Emad Abu Ghazi, secrétaire général du parti d'opposition de M. El Baradei, a indiqué qu'il n'avait aucun détail sur l'enquête, mais a estimé que les accusations et l'enquête étaient «le signe d'un penchant vers un État policier et une tentative d'éliminer les opposants politiques».

Le régime de l'ancien président Hosni Moubarak traitait ses opposants de la même façon, a dit M. Abu Ghazi.

MM. El Baradei et Sabahi n'ont pas commenté la situation dans l'immédiat.

Les accusations découlent de la crise politique entourant les décrets présidentiels qui accordaient à Mohamed Morsi et à la commission constitutionnelle l'immunité judiciaire.

L'opposition avait appelé le président à abroger les décrets et l'a accusé de concentrer trop de pouvoirs entre ses mains. Elle demandait aussi le retrait du projet de Constitution contesté.

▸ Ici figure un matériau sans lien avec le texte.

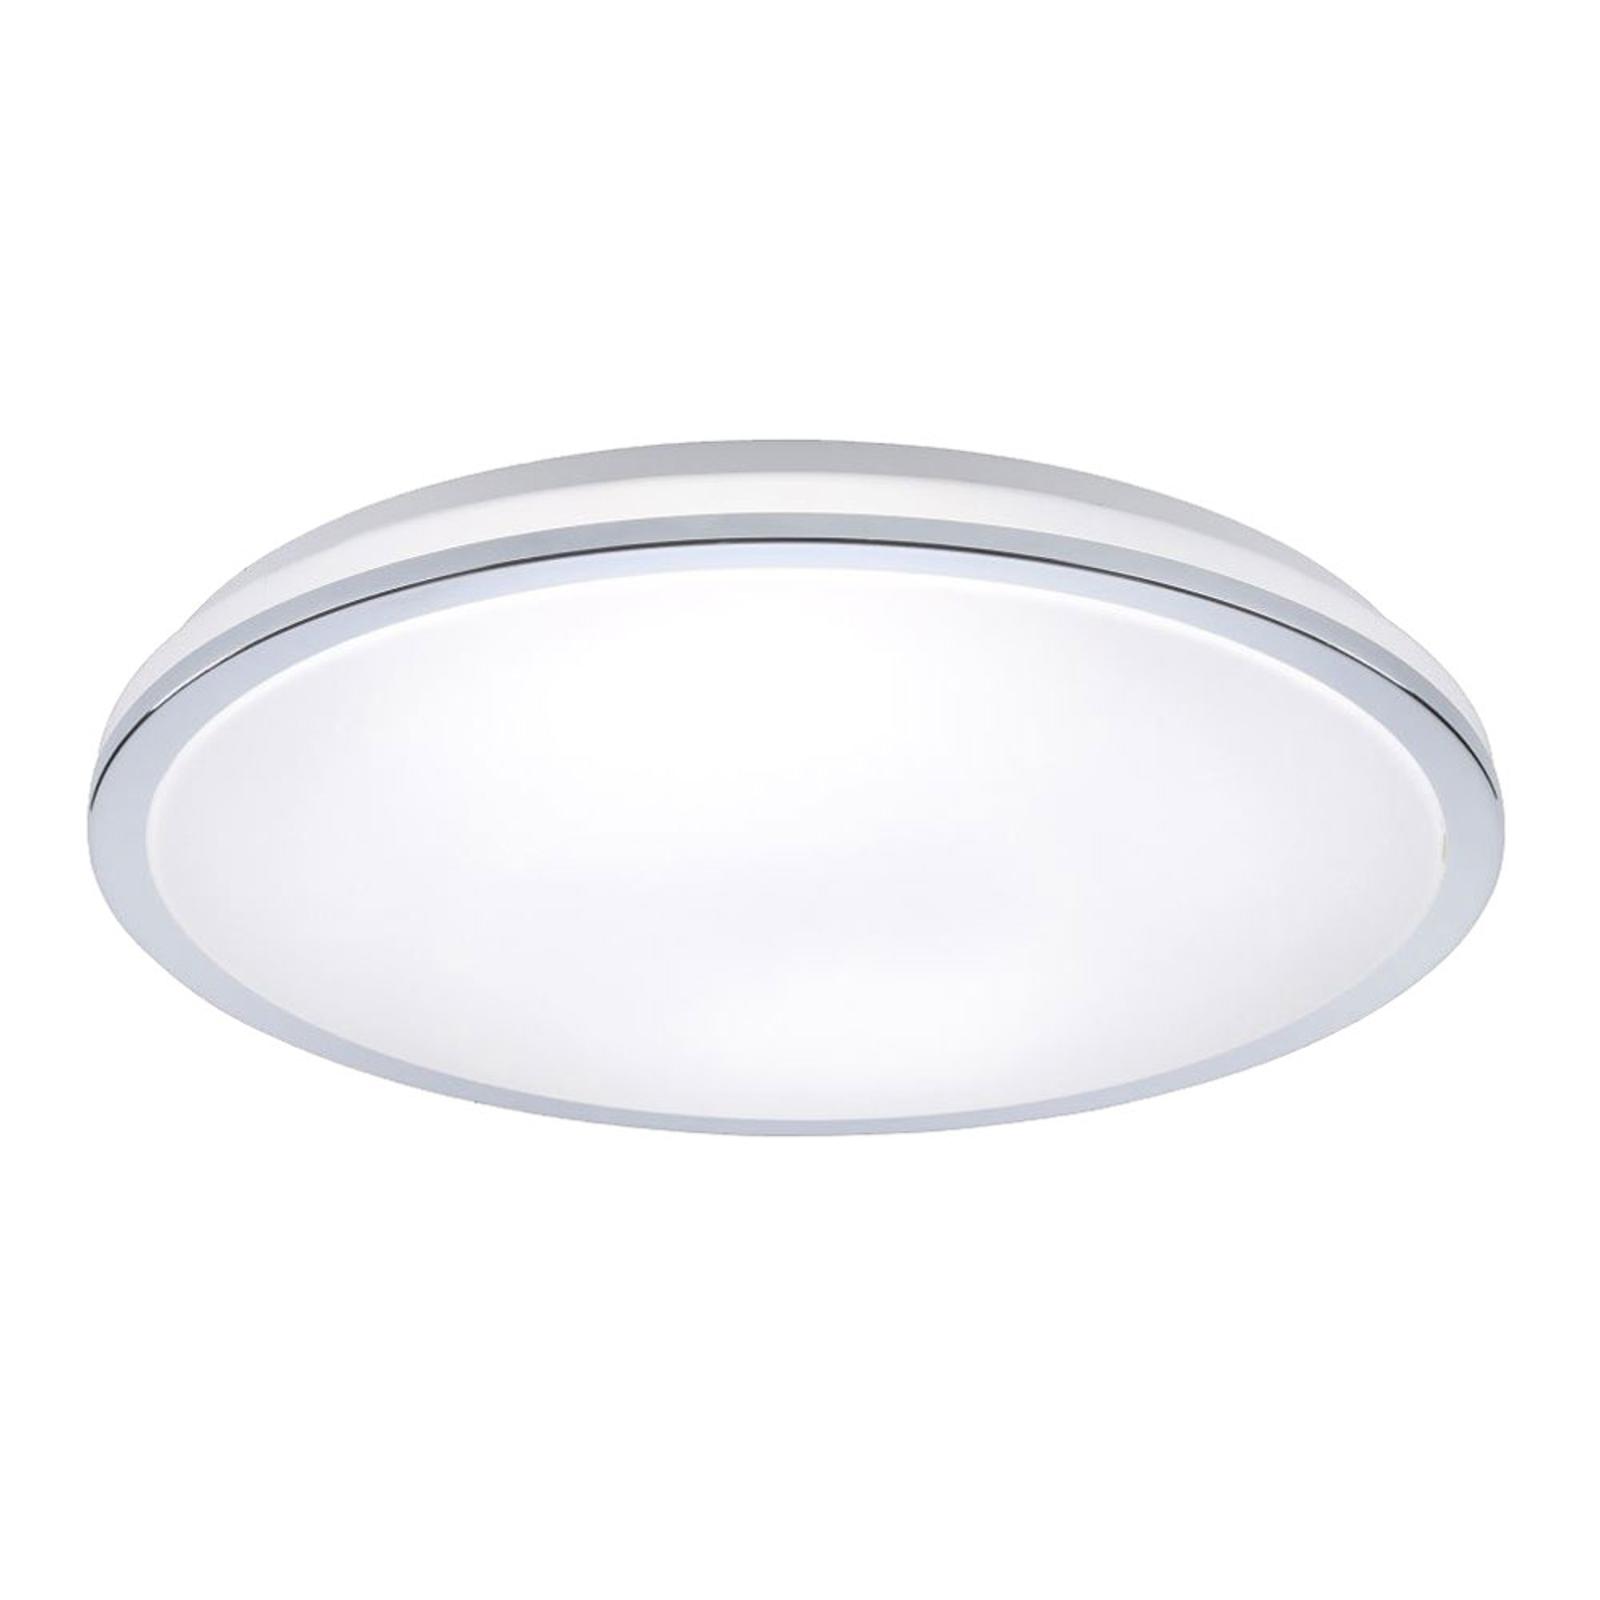 LED plafondlamp Isabell met bewegingsmelder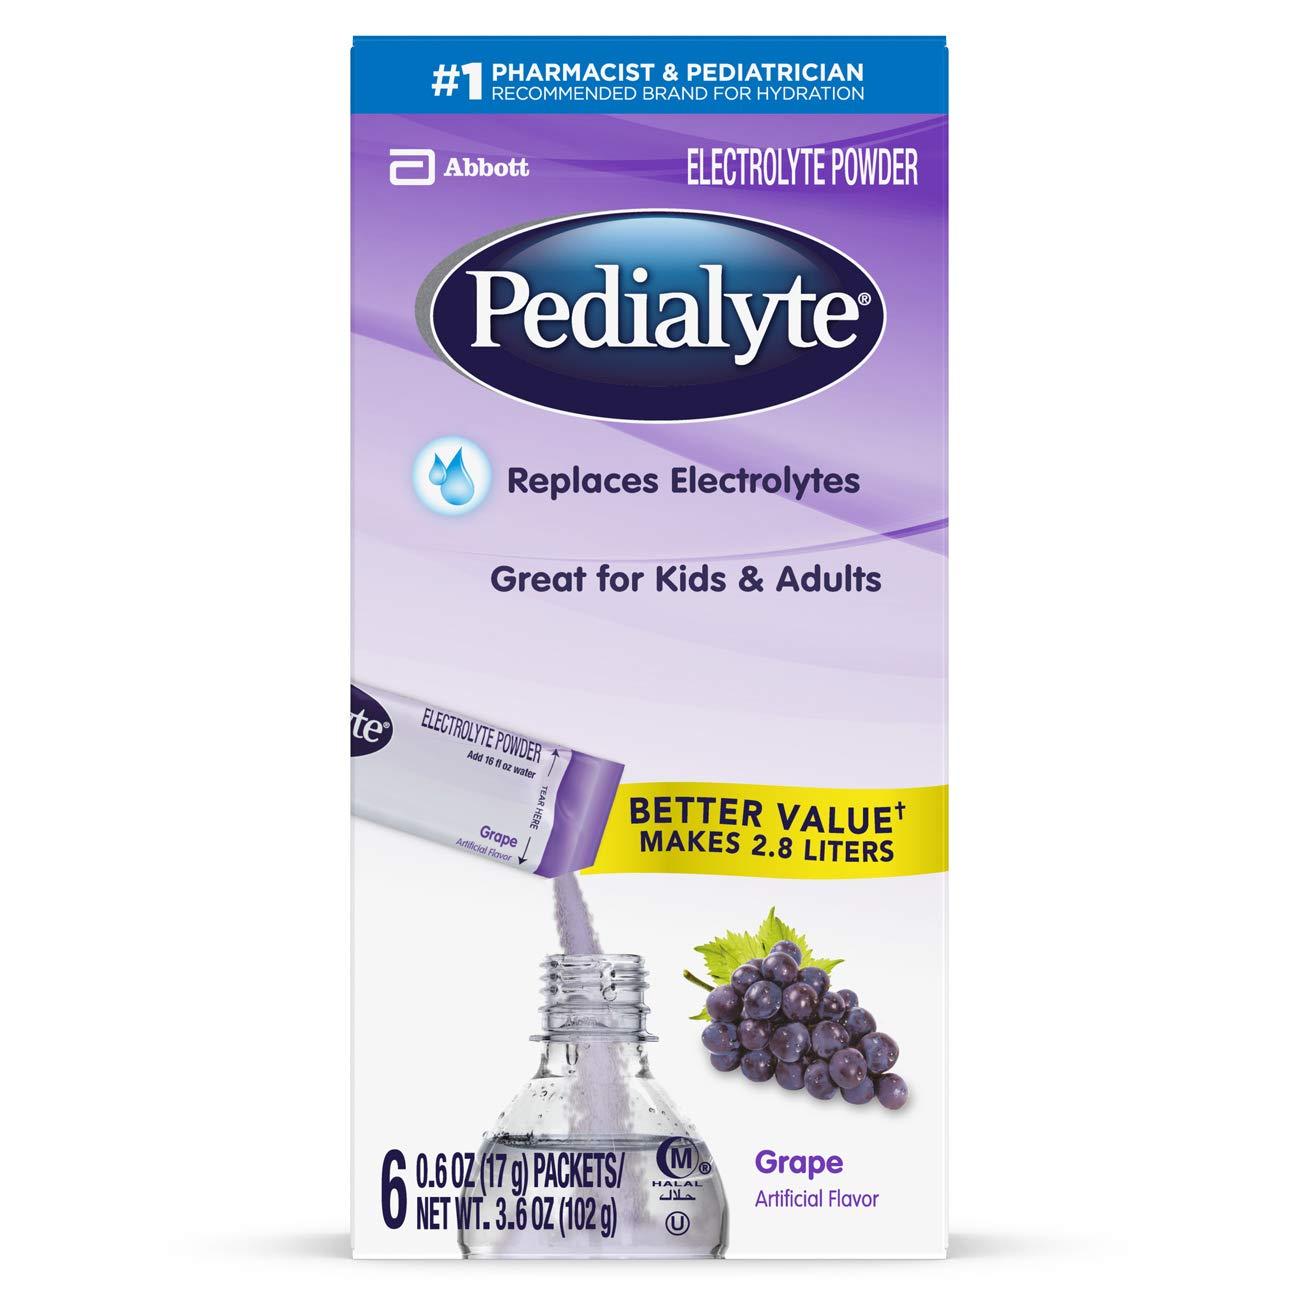 Pedialyte Electrolyte Powder, Grape, Electrolyte Hydration Drink, 0.6 oz Powder Packs, 6 Count

L'opposition a organisé plusieurs manifestations imposantes pour protester, notamment un rassemblement devant le palais présidentiel du Caire, lors duquel les manifestants avaient appelé M. Morsi à quitter le pouvoir. La manifestation a tourné à la violence quand des partisans du président ont attaqué ses opposants. Au moins 10 personnes ont été tuées.

Mohamed Morsi et les Frères musulmans, dont il est issu, ont accusé l'opposition de vouloir miner la légitimité du président et des responsables de l'ancien régime de tenter de le renverser.